3) The amount of analysis DOES matter. First of all, if two arguments are equally inherently persuasive, the team with the most analysis on the argument wins as they “explained” it better. Even if the arguments are not equally persuasive, the “average newspaper reading voter” could be persuaded more by a very well explained argument as opposed to a poorly explained brilliant argument. Furthermore, a well explained argument normally has a broader analytical base to support its end conclusion, making it (i) harder to rebut, and (ii) a better overall contribution to the debate. The impact of analysis in a debate is especially evident when a debate goes into a metaphysical overdrive. In these situations the moral base on which the debate should be judged can be unclear, which means that the winning team can be decided based on who explained their moral grounds the best, regardless of the general persuasiveness of that morality.
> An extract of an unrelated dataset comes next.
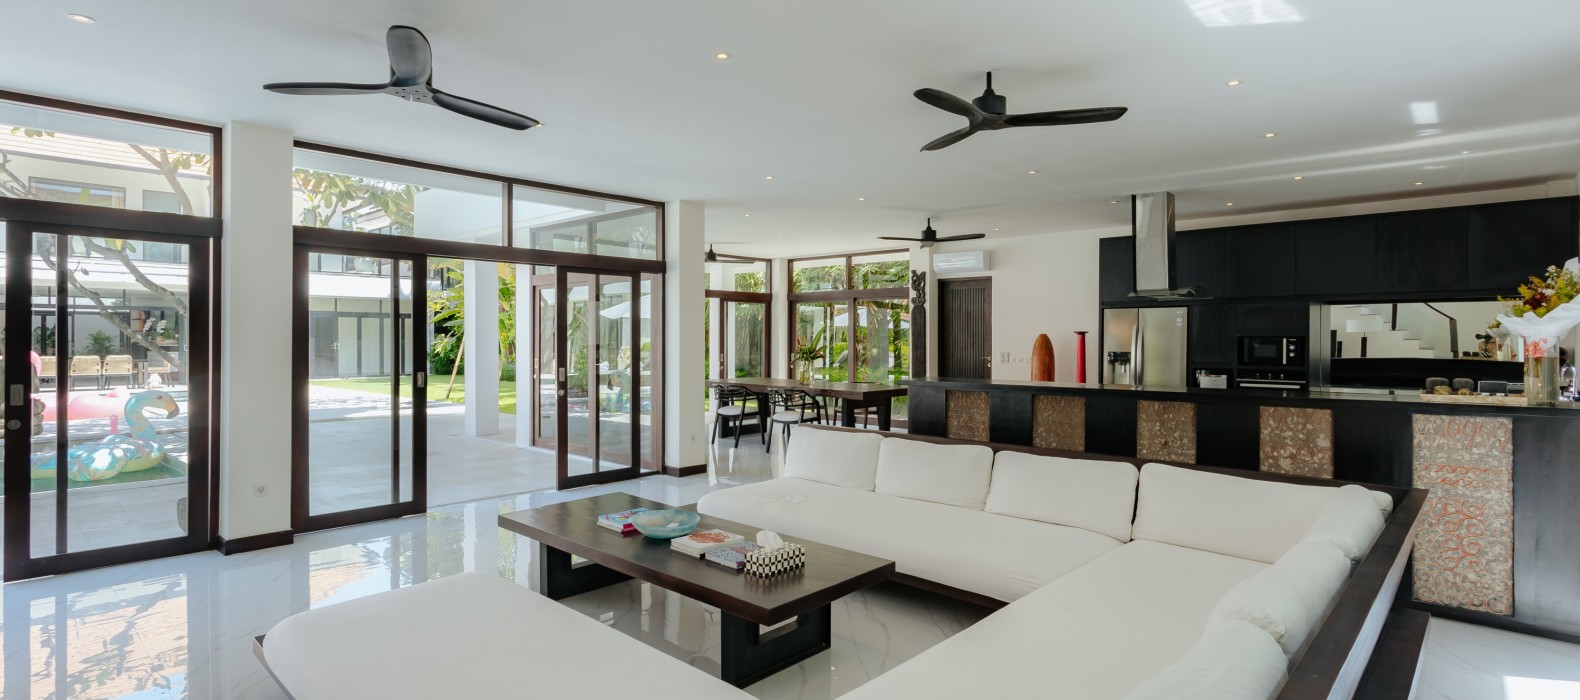 Living room of Villa Groven in Bali
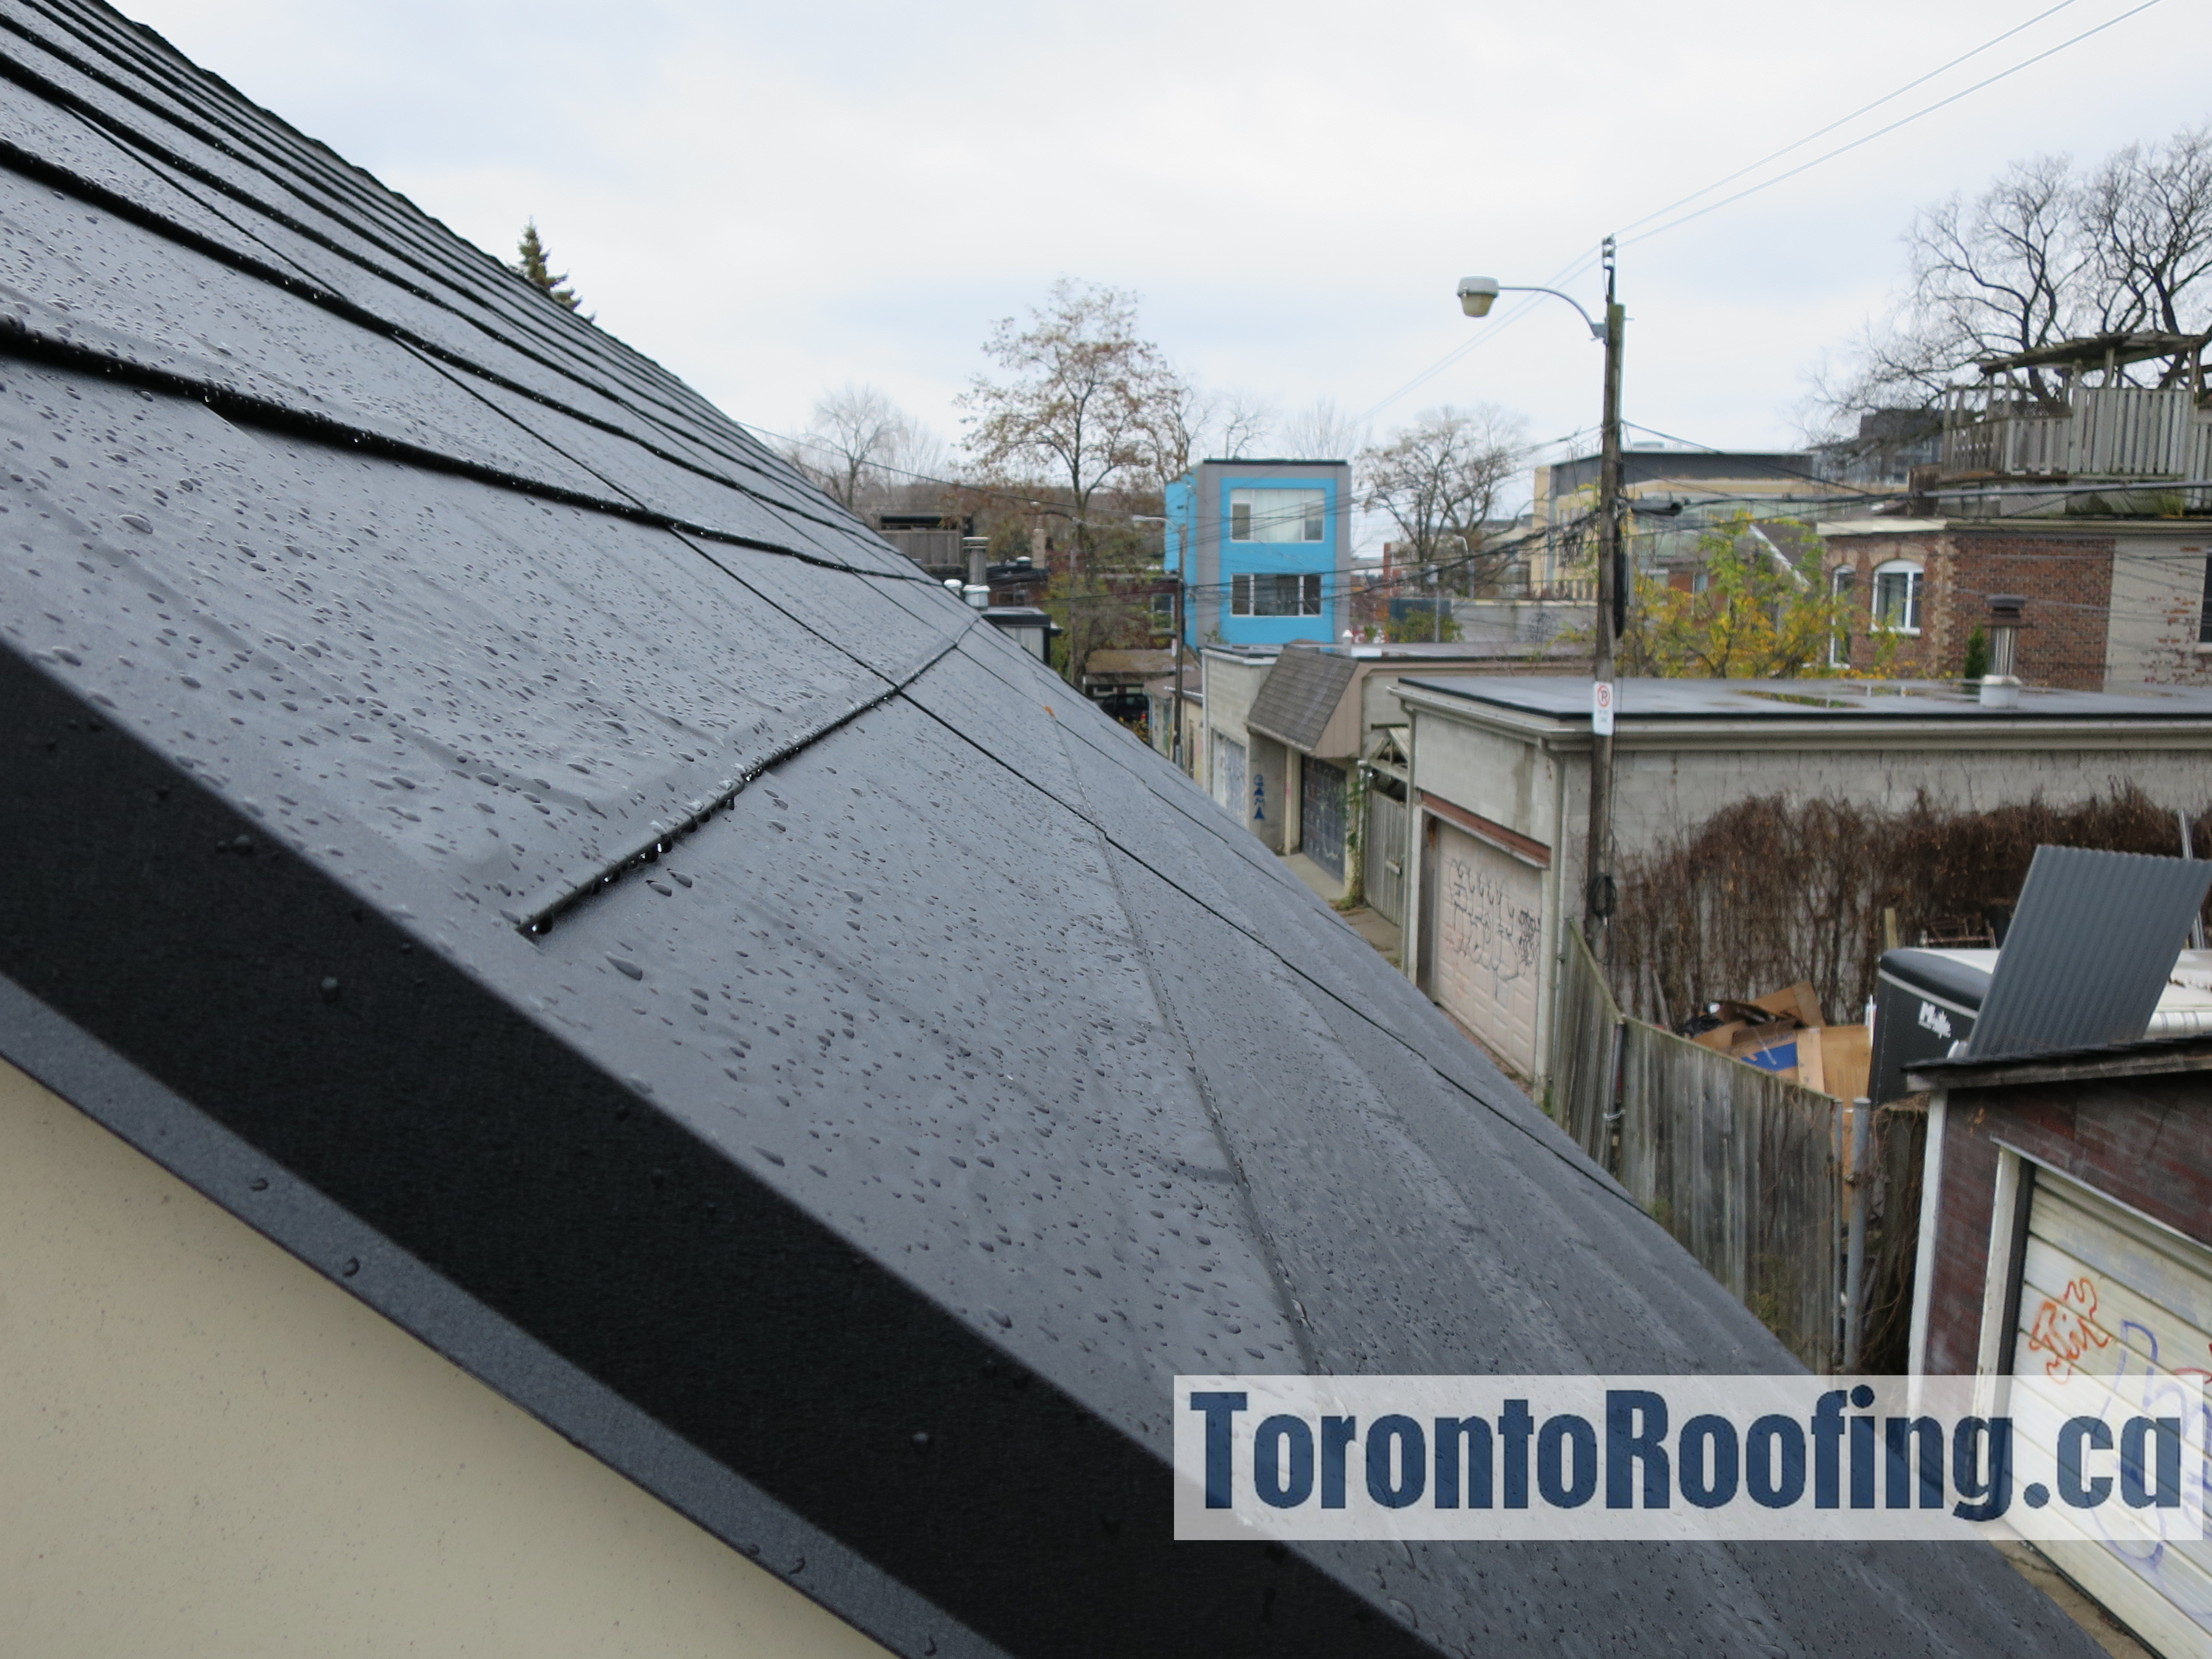 Toronto,roofing,metal,shingles,contractor,roof,installation,asphalt,shake,slate,steel,replacement

4) This is an interesting problem. I would say that this depends on (i) role fulfillment and (ii) inherent persuasiveness of the direction that the team is going. To start with (i), it is in general the case that the first half has to care less about being “on clash” than the second half. The first half can partially determine where the debate takes place, and which consessions are being made. This does not mean that the second half has to follow this framework. It is however the duty of the second half teams to analyse why their particular take on the debate is also “on clash”, as they are deviating from the initial clash in the debate. This extra burden is required to ensure that the second half (or one of the teams) cannot just start a different debate without engaging in the first half debate (unless there was a squirrel, perhaps, but in that case the “rules” regarding case-drops become applicable”). So in the given example, the second opposition has to argue why their different take on the debate is legitimate. If this is not done, I would say that your analysis could fall out of the debate. Also, if the first opp already conceded that ANY referendum is a bad idea, you are not just off-clash, but you would also be stabbing the first half. (ii) inherent persuasiveness with argumentation can dictate that the specific take a team took on the debate is not the main clash in the debate, and is therefore “off clash”. For example, if the motion is THW invade Syria with tanks, mines, soldiers and dogs, it would seem that argueing from opp that dogs are a bad idea would in principal be an opp to the motion, but seems inherently off-clash to the rest of the debate.

I really value analysis on the “rules” of BP, because they allow us to endevour into the trickier areas of debates. That is why I wrote this reaction. I however believe that the Dutch circuit has plenty of good judges.